──────── EXERCISE DATA ────────

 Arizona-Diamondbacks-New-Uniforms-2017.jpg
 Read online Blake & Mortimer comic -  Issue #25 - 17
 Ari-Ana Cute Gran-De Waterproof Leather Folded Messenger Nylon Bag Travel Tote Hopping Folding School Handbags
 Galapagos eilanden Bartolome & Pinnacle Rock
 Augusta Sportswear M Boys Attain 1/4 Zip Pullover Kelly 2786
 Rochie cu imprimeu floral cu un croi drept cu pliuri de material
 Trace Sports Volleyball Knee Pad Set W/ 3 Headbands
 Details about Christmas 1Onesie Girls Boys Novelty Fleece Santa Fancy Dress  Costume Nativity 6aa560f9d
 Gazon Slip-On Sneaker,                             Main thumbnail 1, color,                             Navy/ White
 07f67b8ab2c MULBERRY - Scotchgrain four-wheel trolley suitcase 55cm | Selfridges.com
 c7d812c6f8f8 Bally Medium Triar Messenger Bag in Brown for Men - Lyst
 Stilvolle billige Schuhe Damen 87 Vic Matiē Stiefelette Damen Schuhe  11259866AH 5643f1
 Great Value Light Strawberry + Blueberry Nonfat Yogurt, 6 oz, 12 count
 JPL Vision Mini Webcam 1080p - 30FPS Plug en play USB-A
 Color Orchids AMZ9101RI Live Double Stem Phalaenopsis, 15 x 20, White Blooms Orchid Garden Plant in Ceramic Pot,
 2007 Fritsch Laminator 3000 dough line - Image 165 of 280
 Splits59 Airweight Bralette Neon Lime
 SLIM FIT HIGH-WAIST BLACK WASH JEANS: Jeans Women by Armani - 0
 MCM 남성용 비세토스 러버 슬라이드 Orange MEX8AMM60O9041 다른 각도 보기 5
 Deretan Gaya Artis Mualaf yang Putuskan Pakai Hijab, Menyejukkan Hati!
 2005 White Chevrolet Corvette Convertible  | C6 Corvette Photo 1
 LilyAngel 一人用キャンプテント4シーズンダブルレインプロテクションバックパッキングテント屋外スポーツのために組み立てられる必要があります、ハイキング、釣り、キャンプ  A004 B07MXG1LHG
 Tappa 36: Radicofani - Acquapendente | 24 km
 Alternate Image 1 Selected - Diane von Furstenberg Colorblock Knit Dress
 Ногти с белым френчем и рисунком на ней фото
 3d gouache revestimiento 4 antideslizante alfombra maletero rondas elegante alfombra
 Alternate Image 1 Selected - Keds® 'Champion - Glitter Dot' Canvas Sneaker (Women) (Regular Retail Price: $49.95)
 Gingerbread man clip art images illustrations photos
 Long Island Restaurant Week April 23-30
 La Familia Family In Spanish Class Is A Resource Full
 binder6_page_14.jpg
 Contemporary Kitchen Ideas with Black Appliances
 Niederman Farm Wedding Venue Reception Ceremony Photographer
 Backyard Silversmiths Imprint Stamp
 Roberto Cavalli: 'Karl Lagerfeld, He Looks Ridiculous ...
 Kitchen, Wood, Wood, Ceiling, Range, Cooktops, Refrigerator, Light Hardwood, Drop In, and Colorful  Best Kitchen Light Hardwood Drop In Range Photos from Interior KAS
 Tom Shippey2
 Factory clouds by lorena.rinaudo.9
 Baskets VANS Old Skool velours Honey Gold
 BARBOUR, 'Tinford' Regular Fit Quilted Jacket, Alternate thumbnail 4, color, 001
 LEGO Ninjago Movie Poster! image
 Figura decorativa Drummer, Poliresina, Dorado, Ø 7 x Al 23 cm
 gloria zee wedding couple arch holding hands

────────

DIRECTIONS FOR THIS TASK:
Quote exactly the first line of the entries and every line after it, stopping with the line that contains "Rochie cu imprimeu".

EXERCISE RESULT:
 Arizona-Diamondbacks-New-Uniforms-2017.jpg
 Read online Blake & Mortimer comic -  Issue #25 - 17
 Ari-Ana Cute Gran-De Waterproof Leather Folded Messenger Nylon Bag Travel Tote Hopping Folding School Handbags
 Galapagos eilanden Bartolome & Pinnacle Rock
 Augusta Sportswear M Boys Attain 1/4 Zip Pullover Kelly 2786
 Rochie cu imprimeu floral cu un croi drept cu pliuri de material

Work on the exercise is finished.